Время изменило меня, я ничуть не лучше других в этом смысле, состарило на десять лет. Но, кроме времени, есть еще одна категория, воздействующая на тебя, может, даже посильнее, чем время. Это образ жизни, отношения к ней, сострадание к другим.
Собственные беды оставляют в душе рубцы и учат человека важным истинам. Это аксиома. Но мне кажется, если человек запоминает только такие уроки, у него заниженная чувствительность. Плакать от собственной боли нетрудно. Трудней плакать от боли чужой.
Существует соображение, что сострадание воспитывается. Действенней всего – собственной бедой. Мне не нравится это соображение. Что же, выходит, гуманизм должен быть непременно выстрадан? Тогда это будет больной гуманизм. Гуманизм, основанный на собственном страдании.

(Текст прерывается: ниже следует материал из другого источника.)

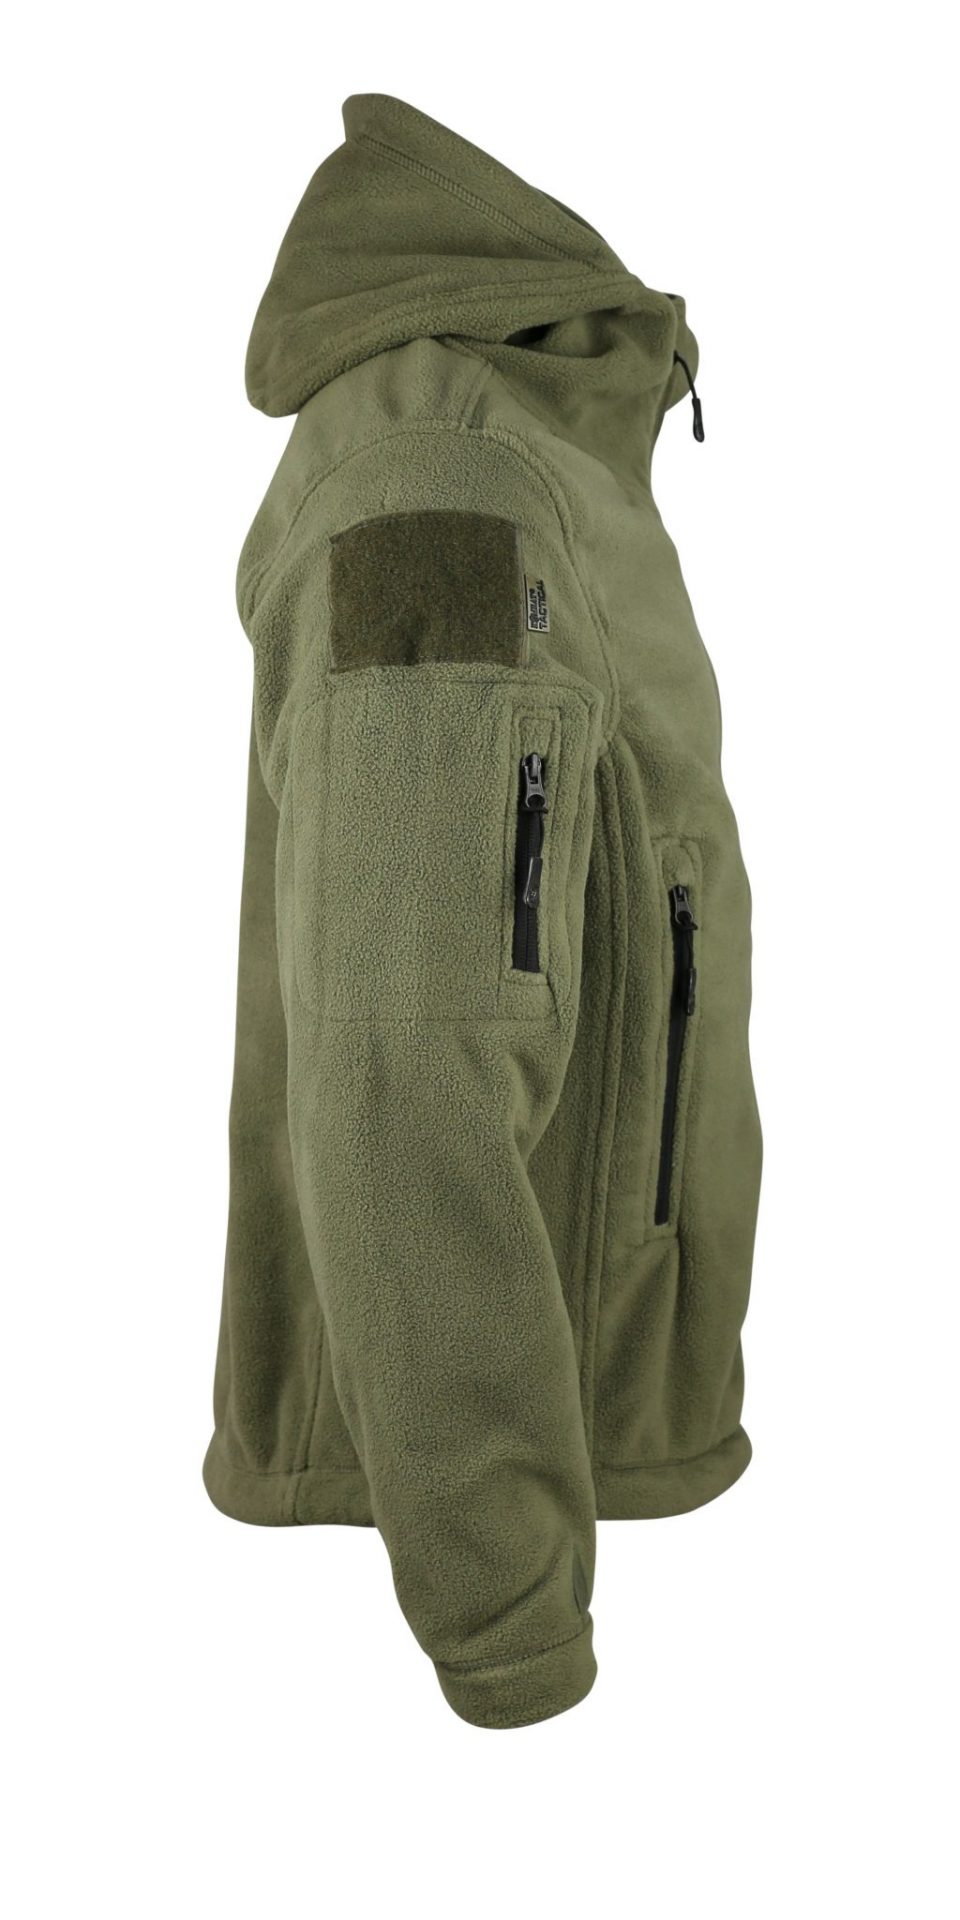 Recon Tactical Hoodie - Olive Green

Нет, нет… Я верю, что сострадание – в человеческой природе. Сострадание как талант – дано или не дано. Но чаще дано, потому что это особый талант. Без него трудно оставаться человеком.
У меня, у тогдашней, было просто бабье – верней, девичье – сердце, впрочем, какая разница: бабье сердце или девичье, тут-то все едино. А бабьему сердцу отроду подарена жалость. И я, вооружившись жалостью, кинулась к моим детям, окончательно перестав жалеть себя.
Прозрение обретало у меня энергичные формы. И тут же я попала в забавную ловушку.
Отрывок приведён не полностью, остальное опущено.